Inside LLMs – Part 1: Foundations and DeepSeek’s Unusual Approach
Kicking off a new series exploring Large Language Models (LLMs)—how they work, and the new risks they bring to the surface
👋 Welcome to all our new readers!
If you’re new here, ThreatLink explores monthly how modern attacks exploit technologies like LLMs, third-party cyber risks, and supply chain dependencies. You can browse all our past articles here (Uber Breach and MFA Fatigue, XZ Utils: Infiltrating Open Source Through Social Engineering)

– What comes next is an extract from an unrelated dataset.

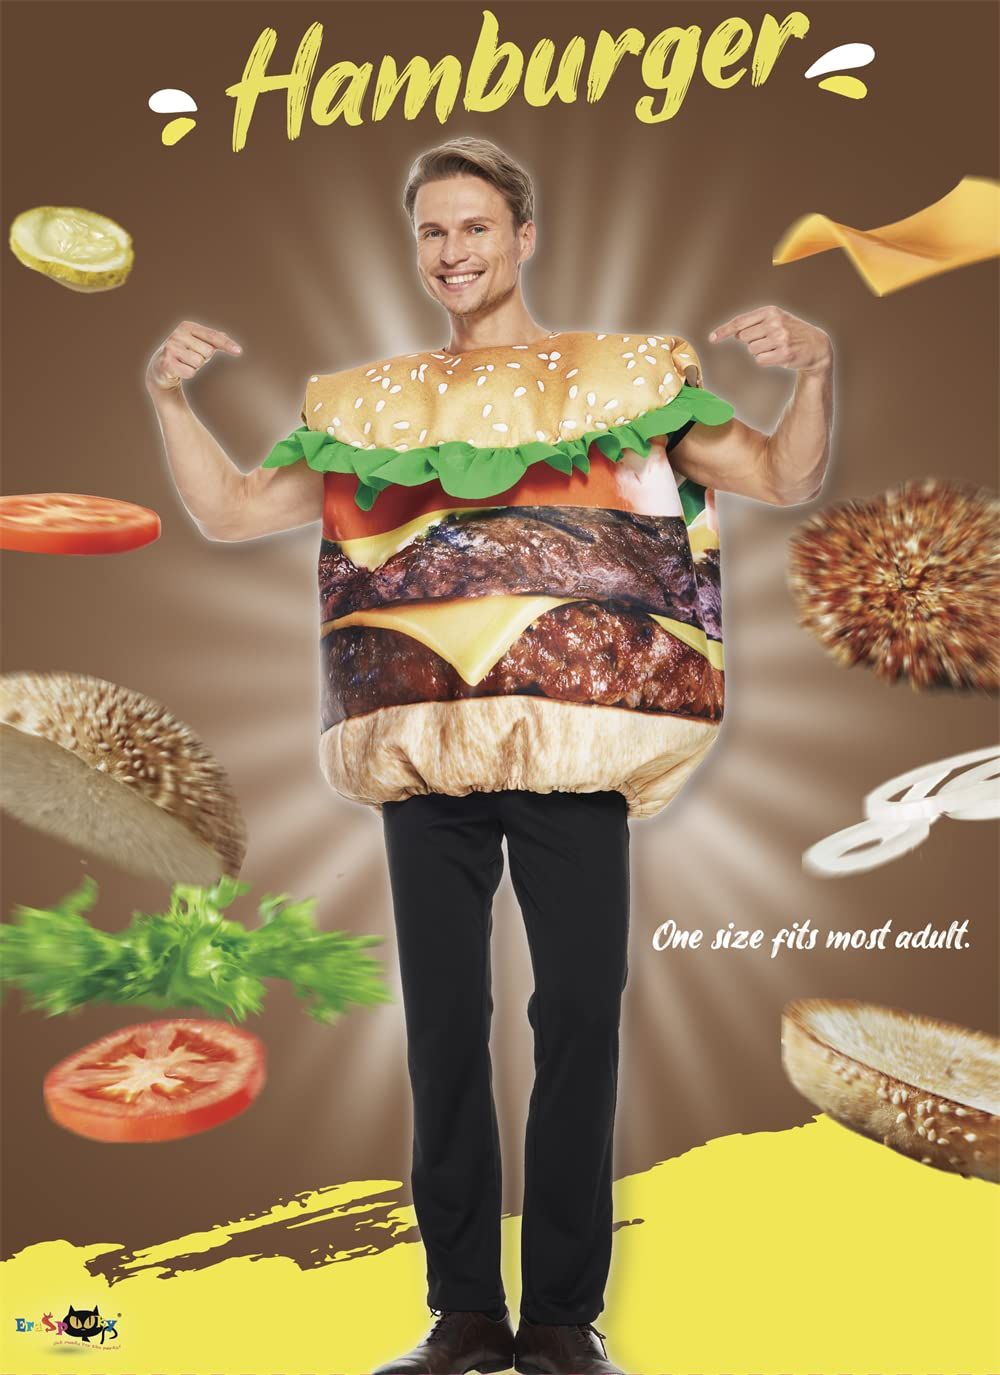 EraSpooky Hamburger-Kostüm für Erwachsene, lustiger Food-Party-Halloween-Anzug

Please support this monthly newsletter by sharing it with your colleagues or liking it (tap on the 💙).
Etienne
This is the first article in a series examining the rise of new large language model (LLM) vendors and the evolving risks that come with them.
For security teams, understanding how these models are built is foundational. Before assessing risks—whether they relate to model misuse, data exposure, or adversarial manipulation—it's essential to grasp the principles that shape an LLM's capabilities and constraints. Knowing how the underlying systems work enables more informed threat modeling, detection strategy, and governance.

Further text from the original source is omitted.